Back in 1982 or so, when I was 15 or 16, my school was throwing out an ASR33, so I appropriated it. I had a Jupiter Ace microcomputer, whose claim to fame was that it was programmed in Forth rather than Basic. Great little machine, commercial flop, so there was very little software and no hardware add-ons available. I decided to use mine to build a micromouse for a school project; a friend and I designed a parallel I/O board using TTL logic and veroboard to control the robot. Parallel port worked well, the robot sort of worked - had to build everything from scratch in the school metalwork shop.
And then the teletype turned up, and I really wanted to use it as a printer. I remembering scouring the town libraries trying to find anything that explained this mystery RS232 protocol. I also had the usual teenager problem of lots of time and no money. In the end, I implemented RS232 using a 24V smoothed power supply scavenged from a scrapped ATM to give +/- 12V, a couple of power transistors desoldered from some other scrap board to switch the 12V rails, and bit-banged the protocol in Forth using one pin of the home-brew parallel port. Took a lot of trial and error to get the timing right, as I didn't have any test gear. Worked great in the end - as far as I know, I had the only Jupiter Ace with a printer, and it cost me precisely nothing. Happy days. The skills learned back then figuring things out for myself have served me well over the years in research.
It mentions a couple things worth noting: for 20ma loops, depending on distance, speeds over 19.2kb might not work. It also mentions RS-422 [1] , RS-485 (both up to 10 Mb/s) as options. (Both can be full-duplex.)
It also mentions a part (rarely mentioned these days) called an 'opto-isolator'. Might be an addition worth considering ... fun toys that let you keep the smoke-testing on the cheaper side of the project.
20ma for an ASR-33 is easy. You're just driving a transistor, not the selector magnet itself. The ASR-33 has its own magnet driver.
The older teletypes, the Model 14 (1920s) and Model 15 (1930s), take more driving. They need 60mA at 120V DC, because you're operating the selector magnet directly.

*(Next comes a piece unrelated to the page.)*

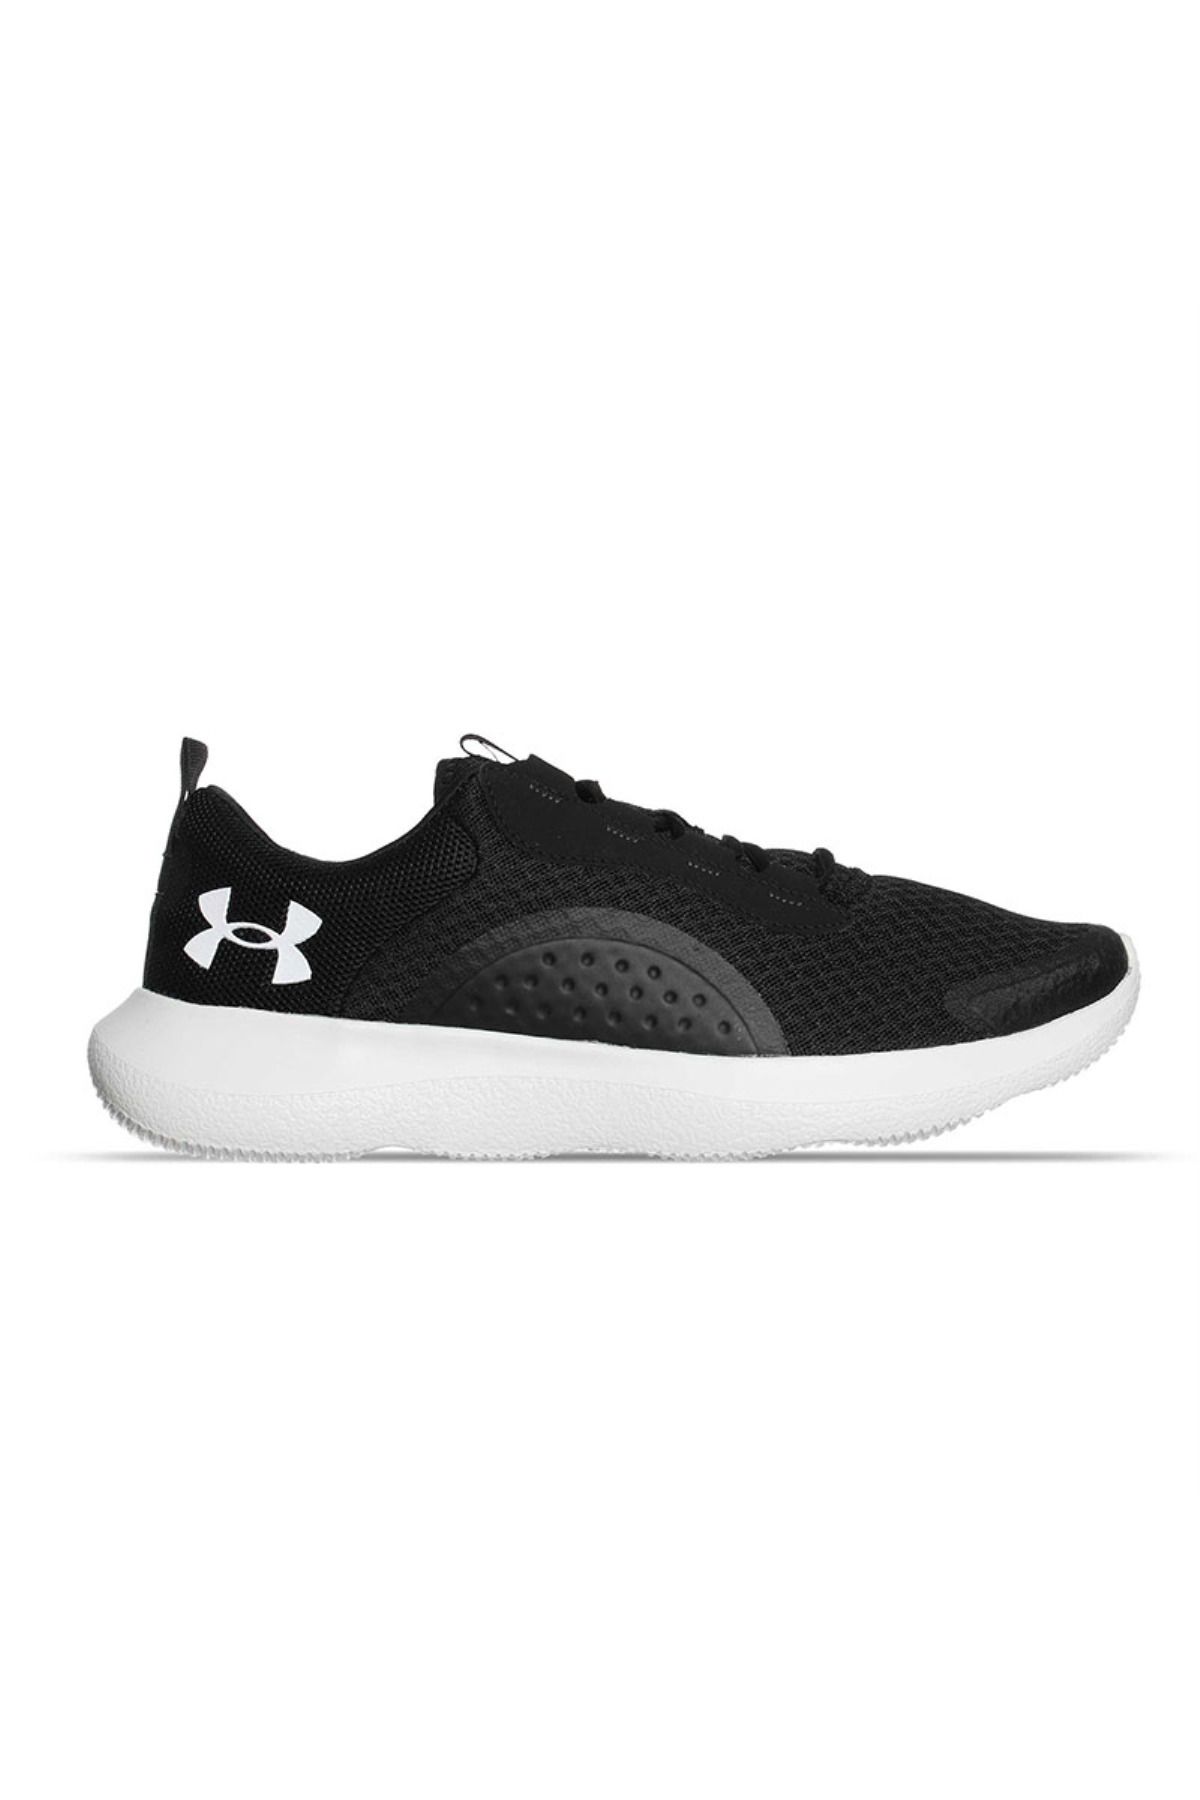 Under Armour Ua Victory

The usual setup is a 120VDC supply with a 10K 2W resistor in series, switched with an opto-isolator. That is simple and works fine.
I designed and built a driver for the older machines that's powered entirely from a USB port, and converts 5V to 120V.[1] This was a fun electrical engineering project. Had to design an unusual switching power supply. A few other people have built this board, including some from the Computer Museum in Mountain View. That packages up the whole power problem in a nice little box. Requires surface mount soldering, though.

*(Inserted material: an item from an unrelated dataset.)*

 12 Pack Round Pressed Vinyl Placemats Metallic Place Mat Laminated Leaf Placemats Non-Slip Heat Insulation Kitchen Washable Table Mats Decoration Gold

When I was a kid, my dad connected a Model 19 teletype to our Apple II computer for amateur radio teletype (RTTY). He used an opto-isolator to protect the Apple II from the 60 ma loop that the Model 19 used.
0-20mA or 4-20 mA loops are super common in industrial automation for analog sensors (pressure, temperature, etc) as they're very resistant to electrical noise unlike those using voltage. The nice part is they can be easily converted back to voltage at the point of terminus using a resistor.
Somewhat similar project I've got on my todo list; my grandpa had an old C64 setup in his cellar, so when going through his stuff recently, I picked up the setup (minus datasette reader, which was defective according to the smoke marks).
So now I'm looking into plugging the MPS-802 into my Linux server and have it print healthcheck or other error messages from the MPS onto endless paper. There seem to be some Arduino-related project to talk on the C64 Bus (it's not a too terribly complicated bus) and my only worry is that the ink catridge has dried up (though it seems to be carbon, so wouldn't even be a worry, but refilling is).
It seems it might be better to create a current source using a BJT or darlington pair and a larger resistor attached to the base. That would take pressure off the little GPIO pin and give you a consistent 20ma current, regardless of the resistance of the current loop.
And then the teletype turned up, and I really wanted to use it as a printer. I remembering scouring the town libraries trying to find anything that explained this mystery RS232 protocol. I also had the usual teenager problem of lots of time and no money. In the end, I implemented RS232 using a 24V smoothed power supply scavenged from a scrapped ATM to give +/- 12V, a couple of power transistors desoldered from some other scrap board to switch the 12V rails, and bit-banged the protocol in Forth using one pin of the home-brew parallel port. Took a lot of trial and error to get the timing right, as I didn't have any test gear. Worked great in the end - as far as I know, I had the only Jupiter Ace with a printer, and it cost me precisely nothing. Happy days. The skills learned back then figuring things out for myself have served me well over the years in research.